CPC23四 A.

A.Running Around Park
Time Limit: 10000 MS Memory Limit: 65536 K
Total Submit: 72 (52 users) Total Accepted: 53 (52 users) Special Judge: No

Description

Alice went jogging around the park yesterday. There is a circular track around the park, and Alice's house is right next to the track. Alice ran in the clockwise direction. She both started and ended her run at her house. In other words, she completed some positive number of full laps.

There are N trees along the track. The trees are numbered 1 through N in the order in which Alice encounters them when running a single lap. You are given the int N.

Alice remembers some trees she saw during her run. She remembers them in the order in which she encountered them. You are given this information as a int[] d.

For example, d={6,6,1} has the following meaning:

Alice started running.

After some time she encountered the tree number 6.
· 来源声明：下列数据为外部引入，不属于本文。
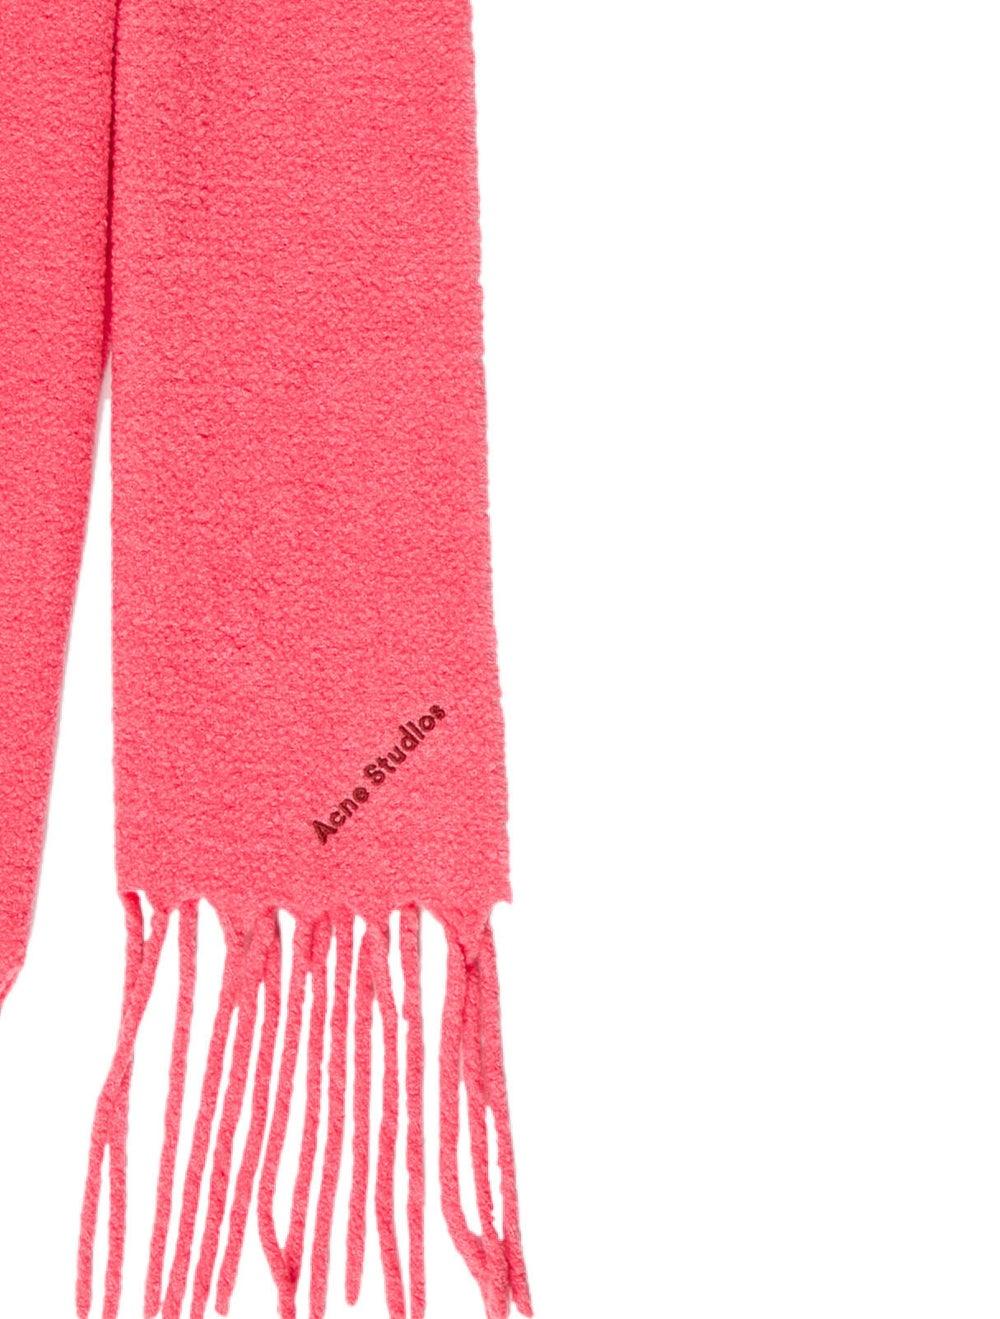 Acne Studios Villy Wool Scarf Pink - image 2

After some more time she encountered the tree number 6.

Even later she encountered the tree number 1.

Compute and return the smallest possible number of laps Alice completed.
Input

For each test data. The first line contains two number N and dN.

The second line contains dN number, the ith of them is di.

- N will be between 2 and 50, inclusive.

- dN will between 1 and 50.

- Each element of d will be between 1 and N, inclusive.
Output

For each test, compute and return the smallest possible number of laps Alice completed.
Sample Input

3 3

1 2 3

24 2

6 6

3 3

3 2 1


50 10

1 3 5 7 9 2 4 6 8 10
Sample Output

1

2

3

2

解题思路：

        题意是一个人绕着田径场跑圈，树从1~n标号，给出沿途遇见的树的标号，问这个人最后总共跑了多少圈。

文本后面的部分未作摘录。